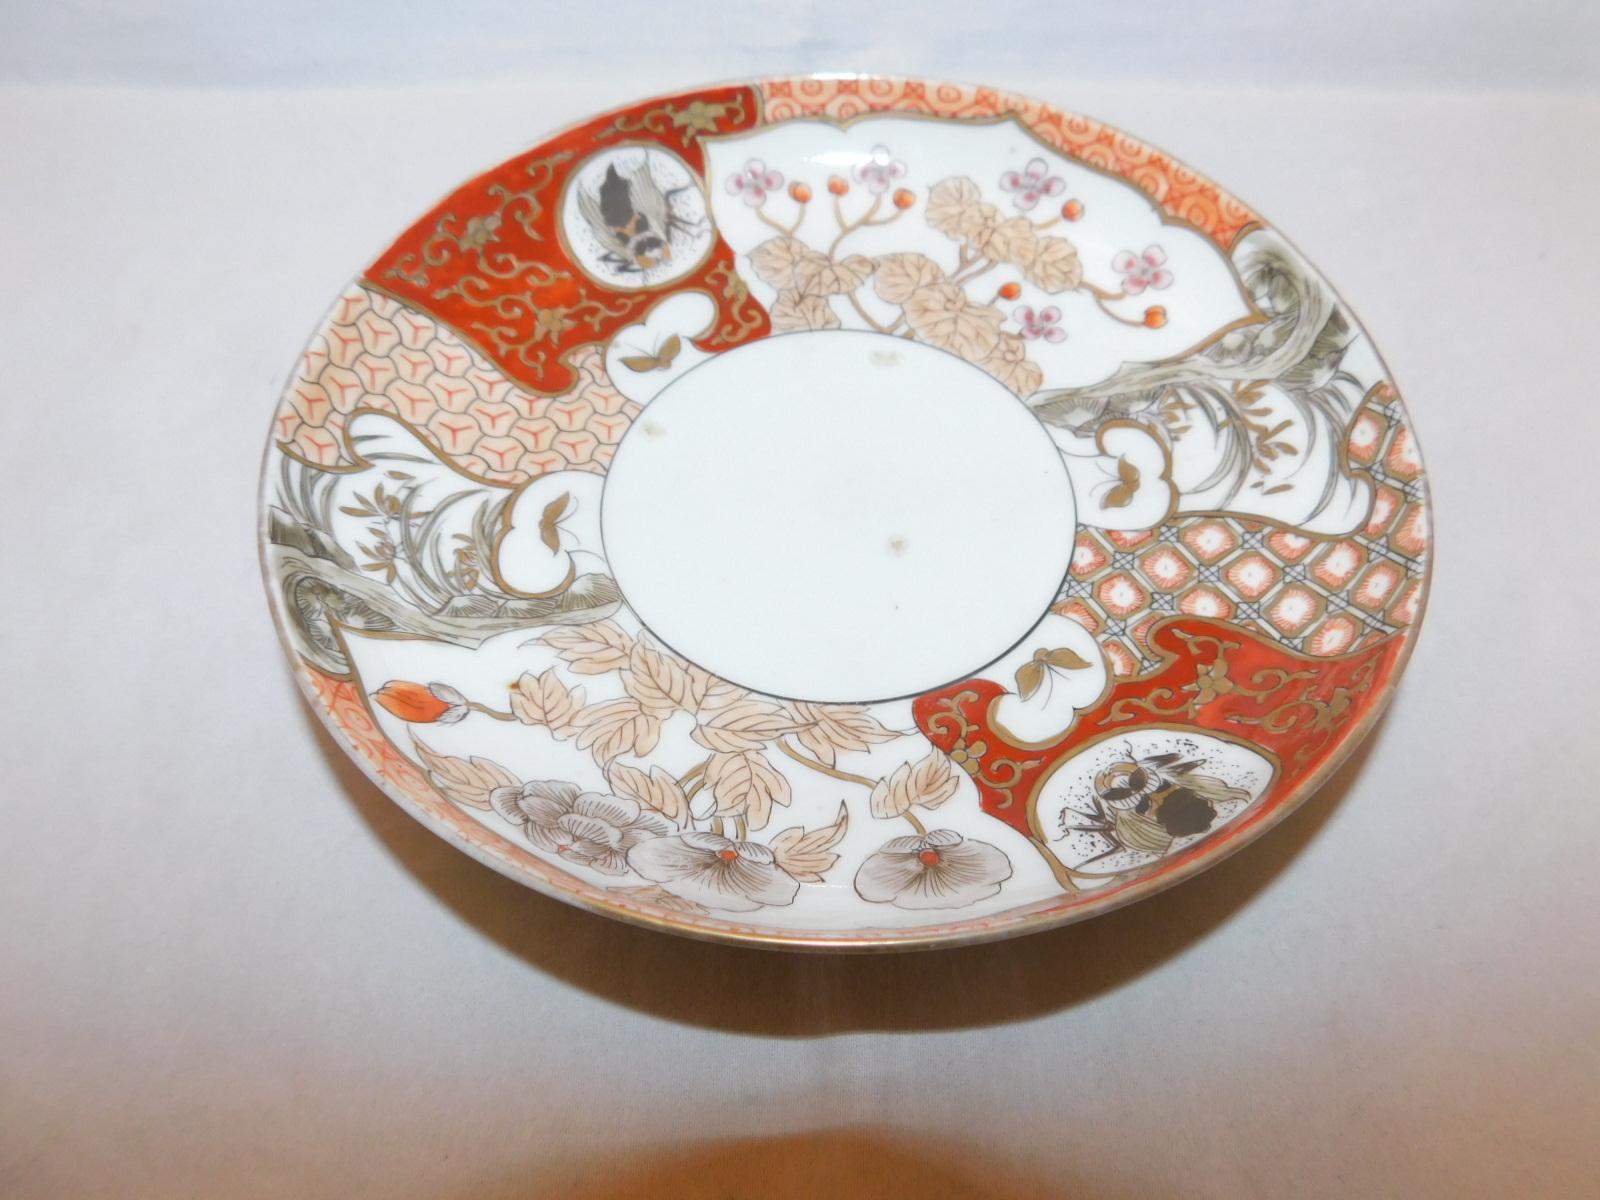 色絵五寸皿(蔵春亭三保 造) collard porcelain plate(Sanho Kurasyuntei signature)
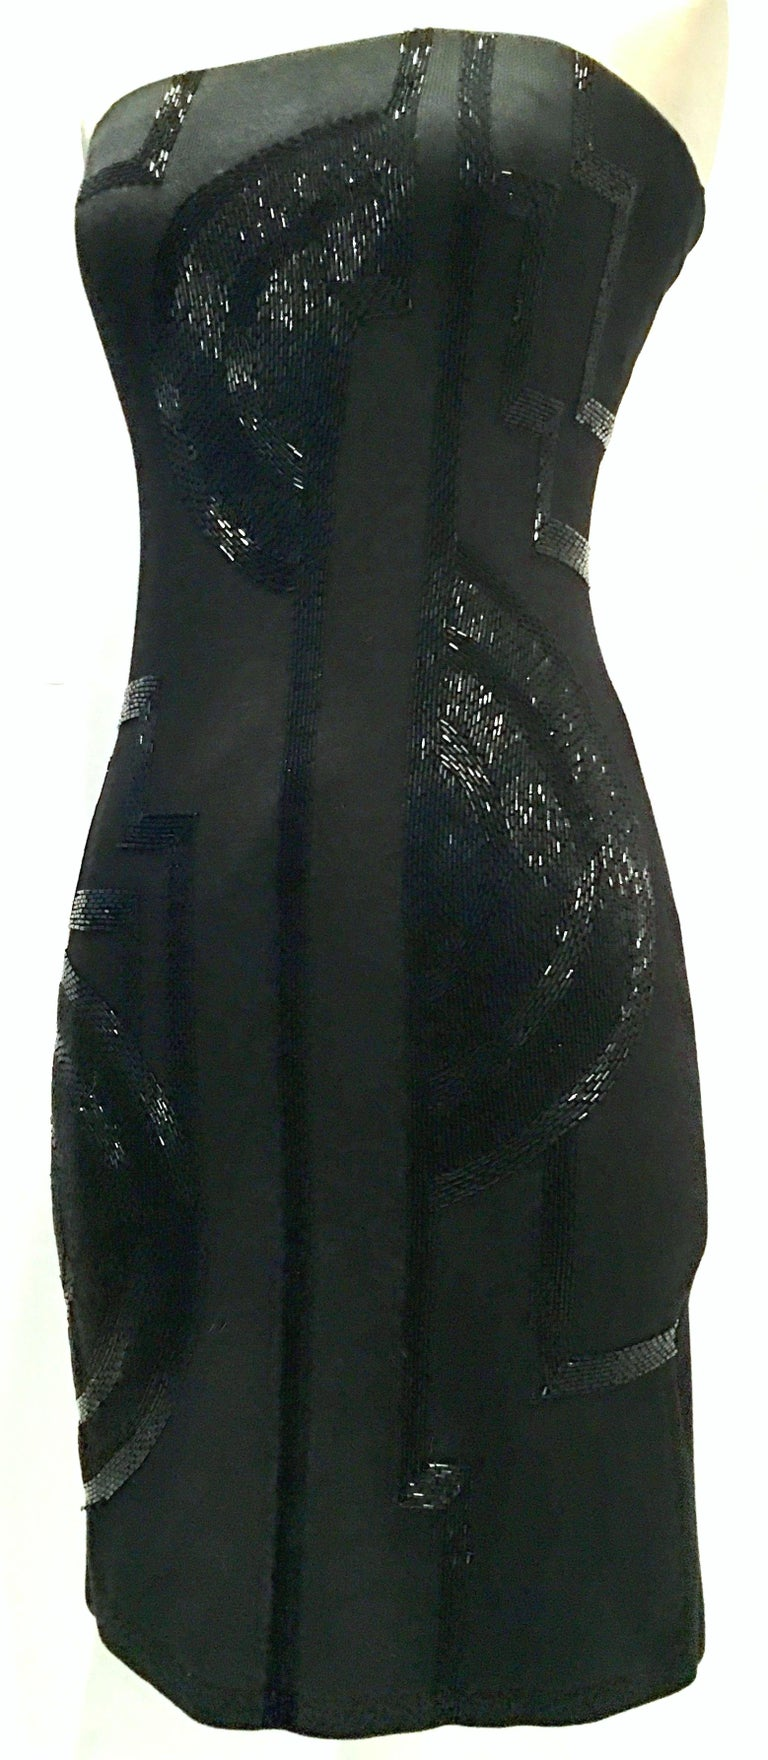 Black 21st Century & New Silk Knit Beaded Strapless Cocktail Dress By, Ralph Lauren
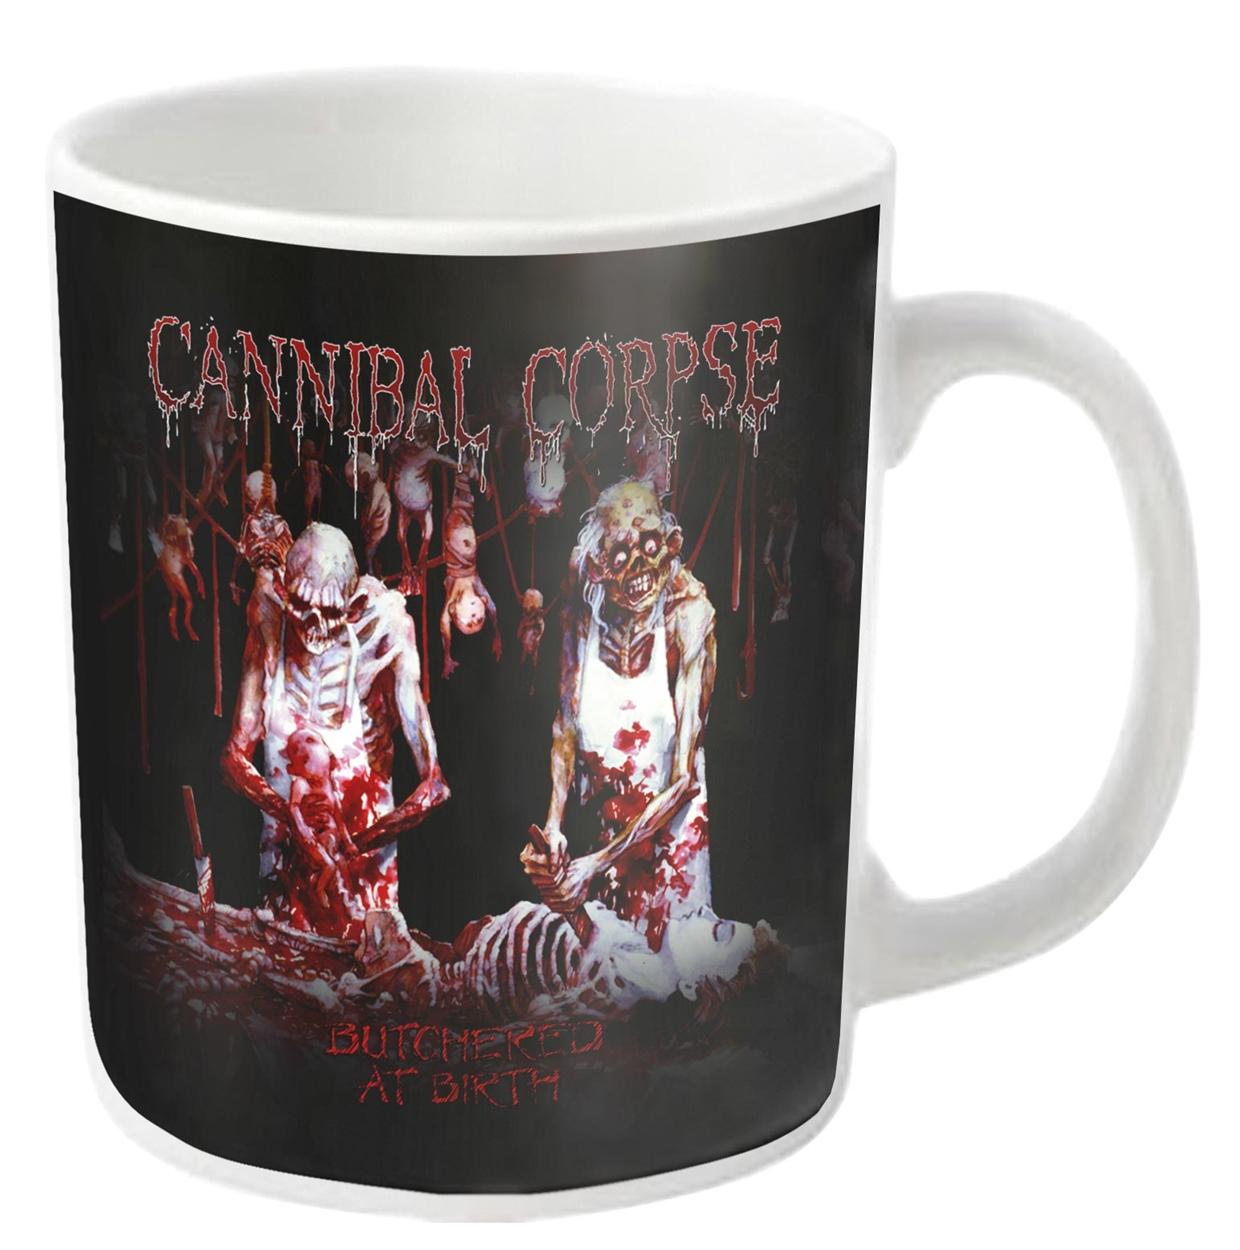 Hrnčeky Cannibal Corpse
* * *
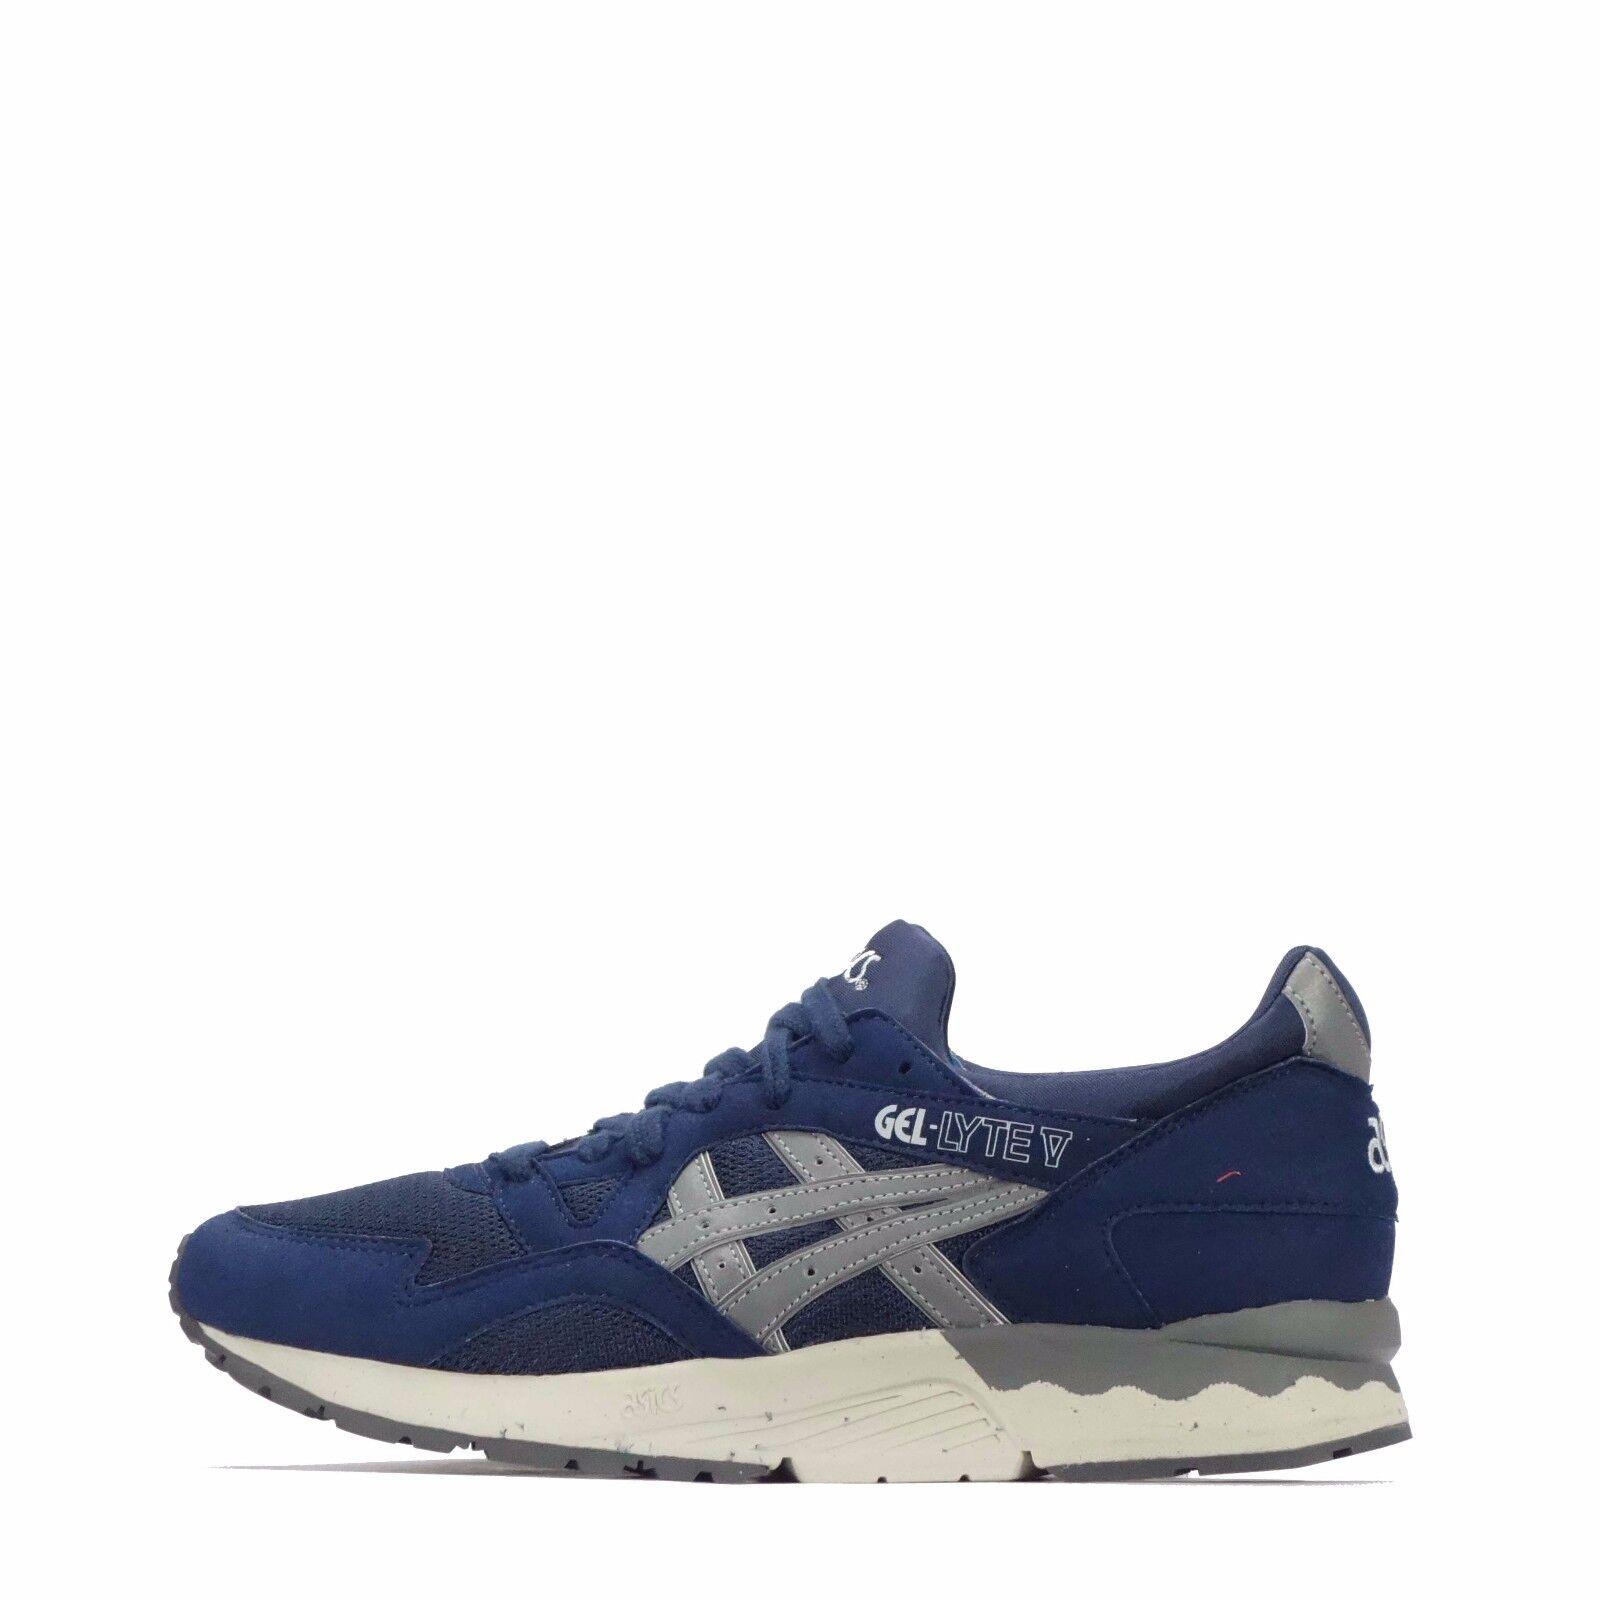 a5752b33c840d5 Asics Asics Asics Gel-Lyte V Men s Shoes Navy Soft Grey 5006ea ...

**Task item**: Look above for the line with "色絵五寸皿(蔵春亭三保 造) collard" and the line with "Hrnčeky Cannibal Corpse". Output those two and everything between them exactly, pictures excluded.

**Finished task**:
 色絵五寸皿(蔵春亭三保 造) collard porcelain plate(Sanho Kurasyuntei signature)
 Black 21st Century & New Silk Knit Beaded Strapless Cocktail Dress By, Ralph Lauren
 Hrnčeky Cannibal Corpse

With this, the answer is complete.